The Armenian national awakening was part of the broader rise of nationalism among non-Turkish ethnic groups during the late Ottoman Empire. The Ottoman Empire sought to counter Armenian nationalism during the Tanzimat era, known historically as the period of reformation, initially through the promotion of Ottomanism and later by transforming the empire into a constitutional monarchy during the First Constitutional Era. However, the reorganization of the millets—the legal courts for confessional communities—exacerbated the issue of dualism within the Ottoman state.

During the Armenian national awakening, Sultan Abdul Aziz sanctioned the promulgation of a basic law for the Gregorian Armenian Millet, protecting Armenian rights and privileges.

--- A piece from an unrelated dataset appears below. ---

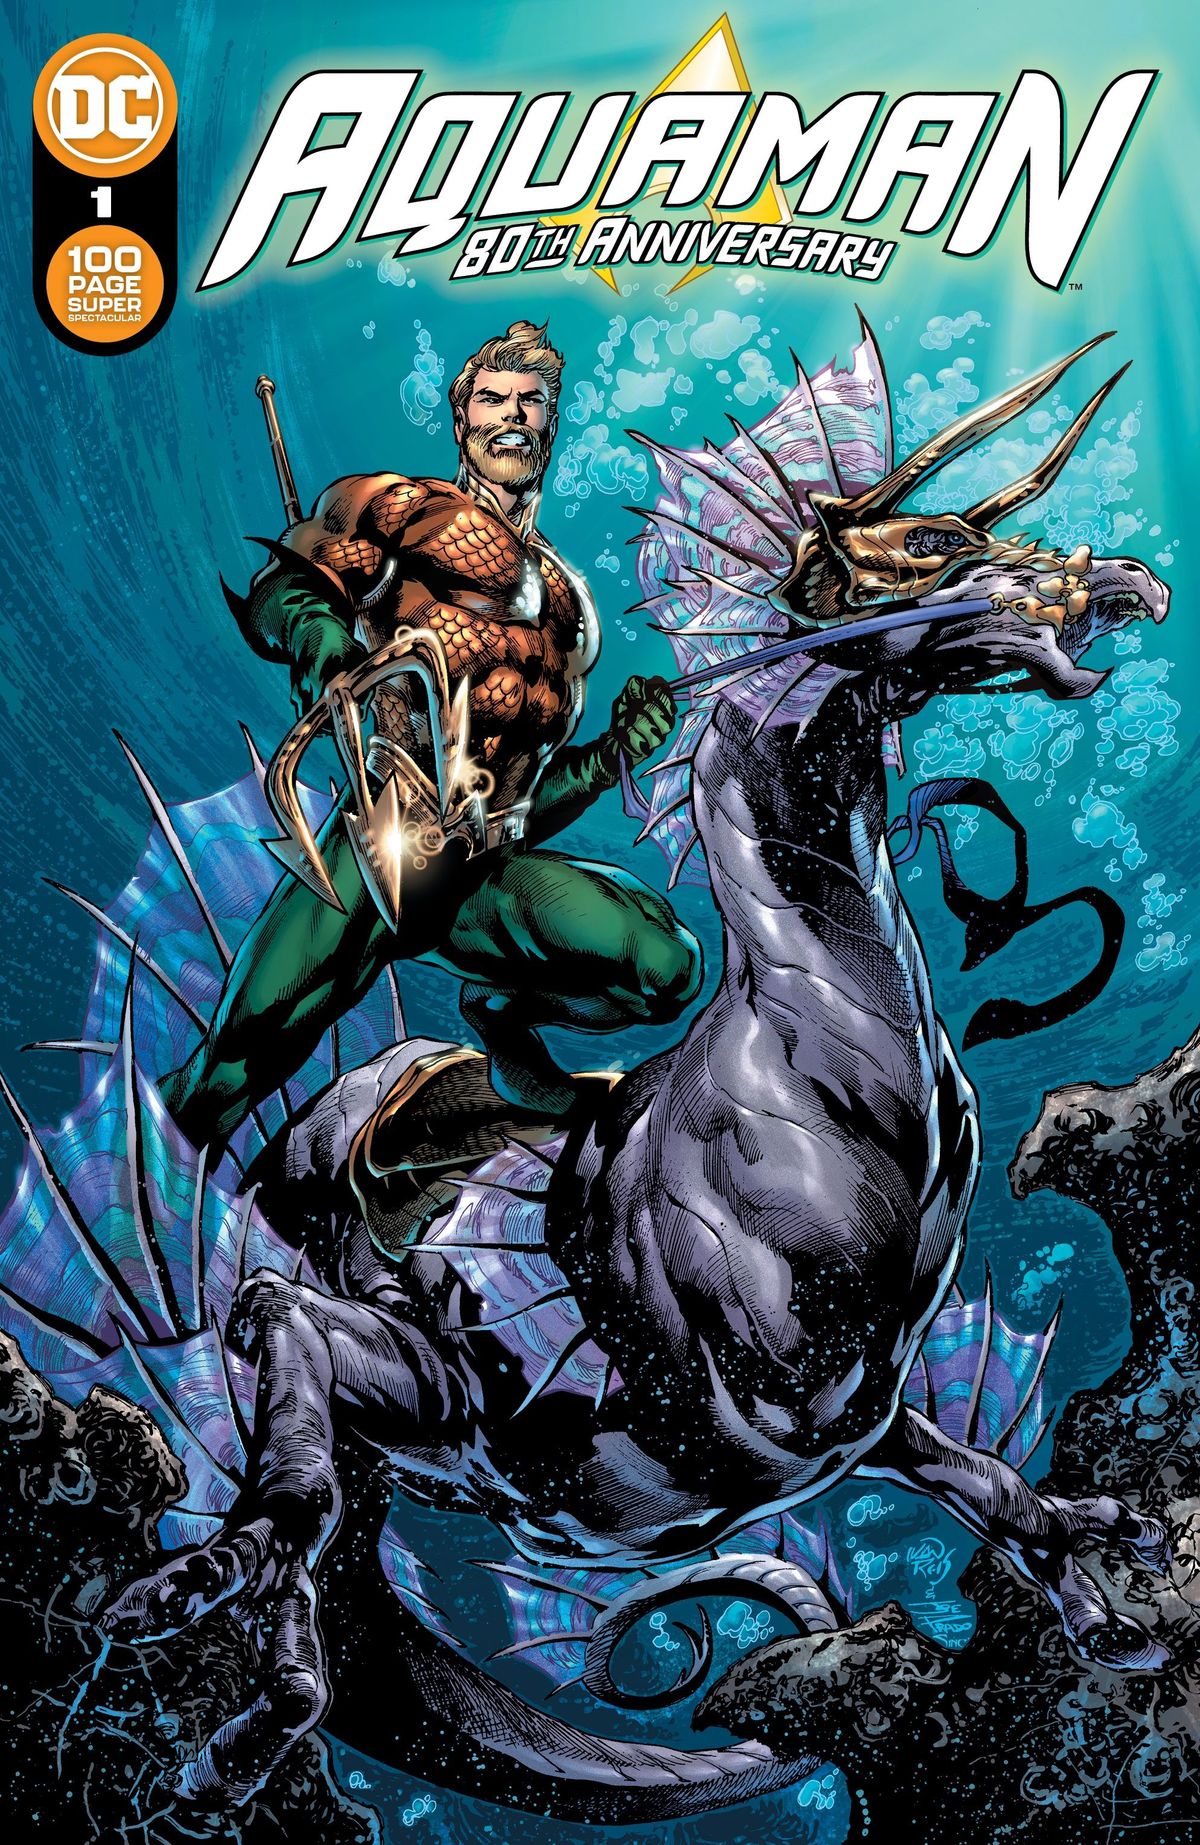 DC ฉลอง 80 ปี Aquaman ด้วย 100 หน้า Super Spectacular

This corresponded with the opening of an Armenian National Assembly, which took over responsibility of temporal matters from the Armenian Patriarchate. Armenian Ottomans operated their own courts of law; collected their own taxes; and maintained their own prisons, hospitals, and schools. As a result, some observers noted that the Armenian community functioned in many ways like a state within a state.

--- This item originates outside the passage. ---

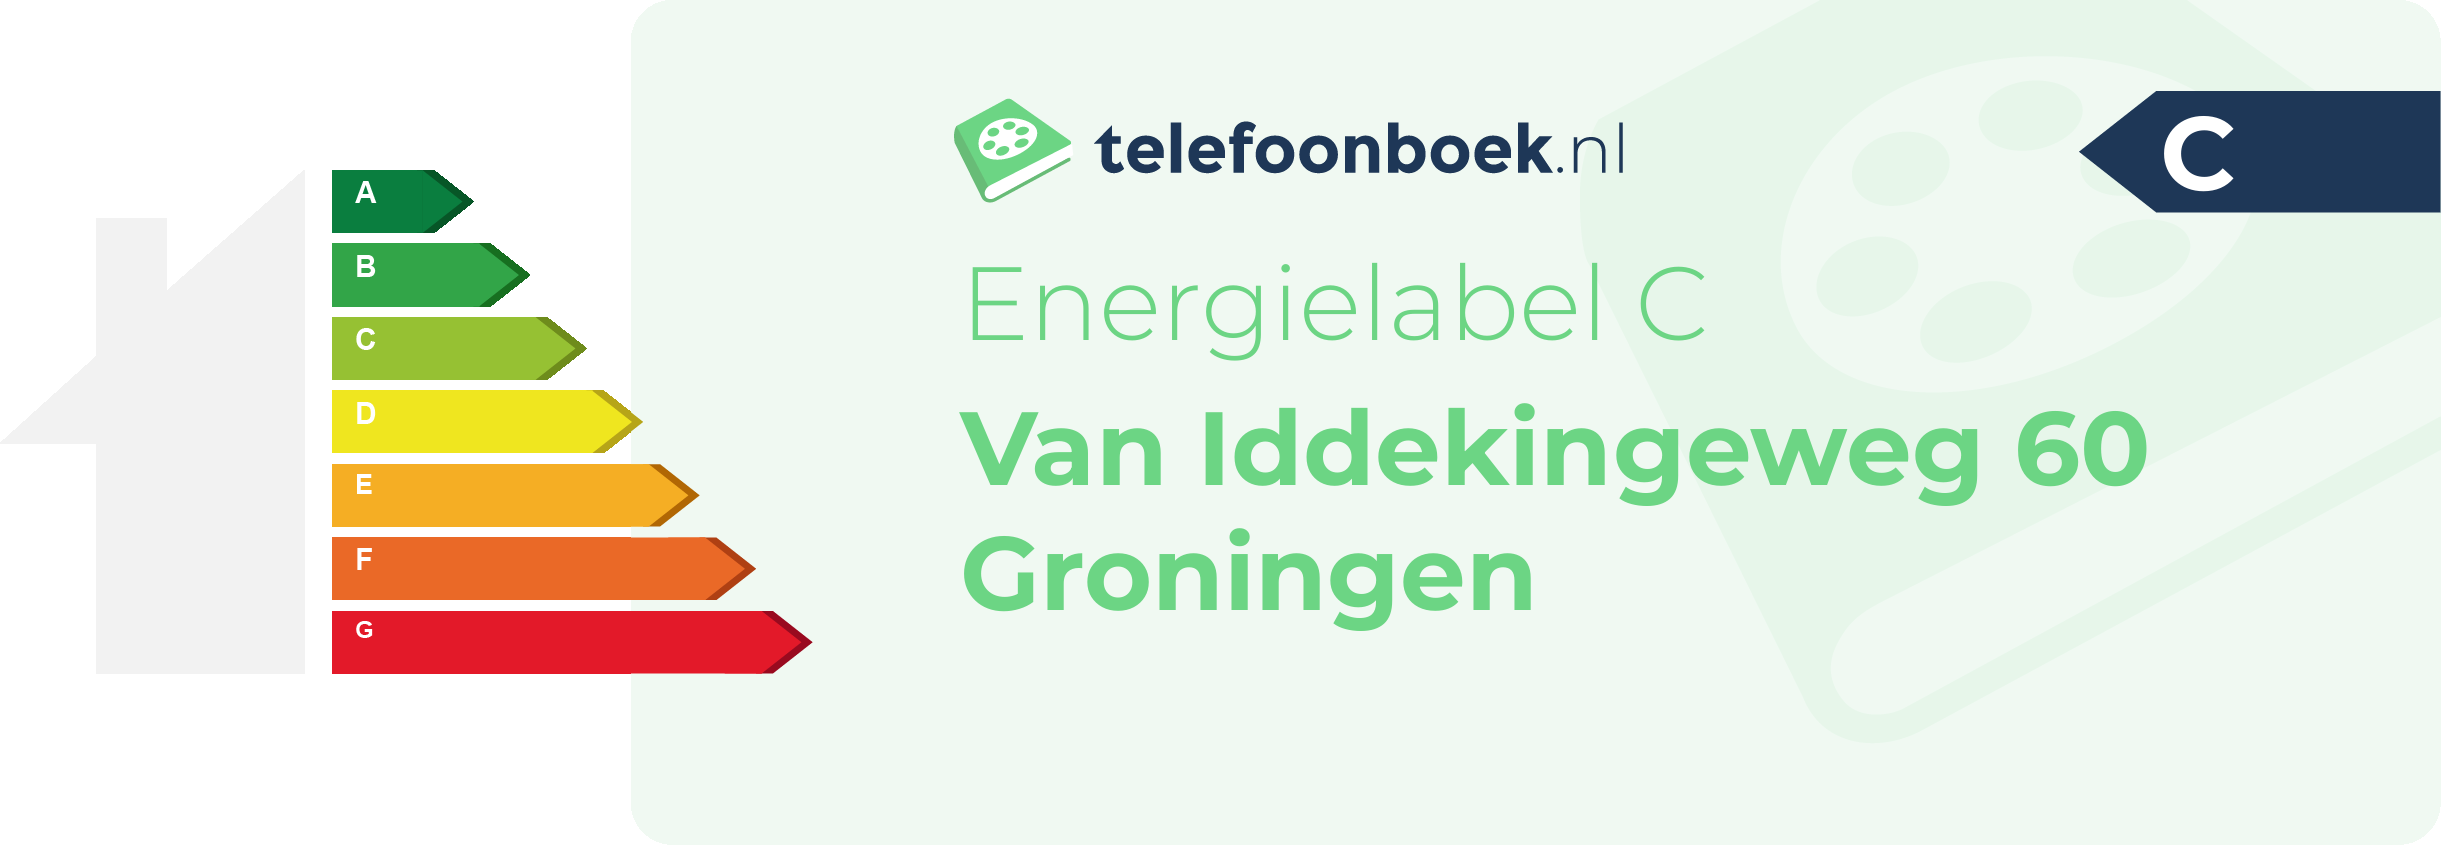 Energielabel Van Iddekingeweg 60 Groningen

Over the course of Ottoman Armenia, some Armenians began to advocate for republicanism rather than allegiance to the Ottoman Dynasty, with some being interested in becoming an autonomous region. During the Second Constitutional Era, parties like the Social Democrat Hunchakian Party (Hunchaks), Armenian Democratic Liberal Party (Ramgavar Party or Armenakan), and Armenian Revolutionary Federation (Dashnaks) were the main representatives of Armenian interests in the Ottoman government, and sometimes also used militancy to defend their constituents. After World War I and the Armenian genocide, the First Armenian Republic declared independence from the Ottoman and Russian Empires.

==Origins==

===Prehistoric-Historic Era ===
The discovery of Urartu played a significant role in 19th- and 20th-century Armenian nationalism. Armenian nationalism included a range of interpretations of Prehistoric Armenia, including the link to the Iron Age kingdom of Urartu, as some scientists claimed the Urartu state was an Armenian state. Identifying with the Urartu state and its prehistoric forerunners came to be a powerful symbol of Armenian culture, especially among the diaspora.

=== Armenian Classic Era===
In the Ottoman Empire, the social structure of Armenians before the 18th century was based on the millet system.The Armenian millet was a confessional community in the Ottoman Empire. The millet specifically referred to the separate legal courts pertaining to personal law under which sections of the society were allowed to rule themselves with fairly little interference from the central system. Each millet was under the supervision of an Ethnarch ("national" leader), most often a religious leader. The Armenian millet was under the Armenian Apostolic Church. The millets could set their own laws and collect their own taxes. As People of The Book, Armenians were able to maintain their houses of worship, obtain religious literature, and employ clergy of their faith for their congregations. These rights became limited with the economic and technological developments of the 18th century.
Around this time, instances of Armenian desires for self-determination emerged, such as Davit Bek's resistance to Ottoman and Safavid domination during the Syunik rebellion.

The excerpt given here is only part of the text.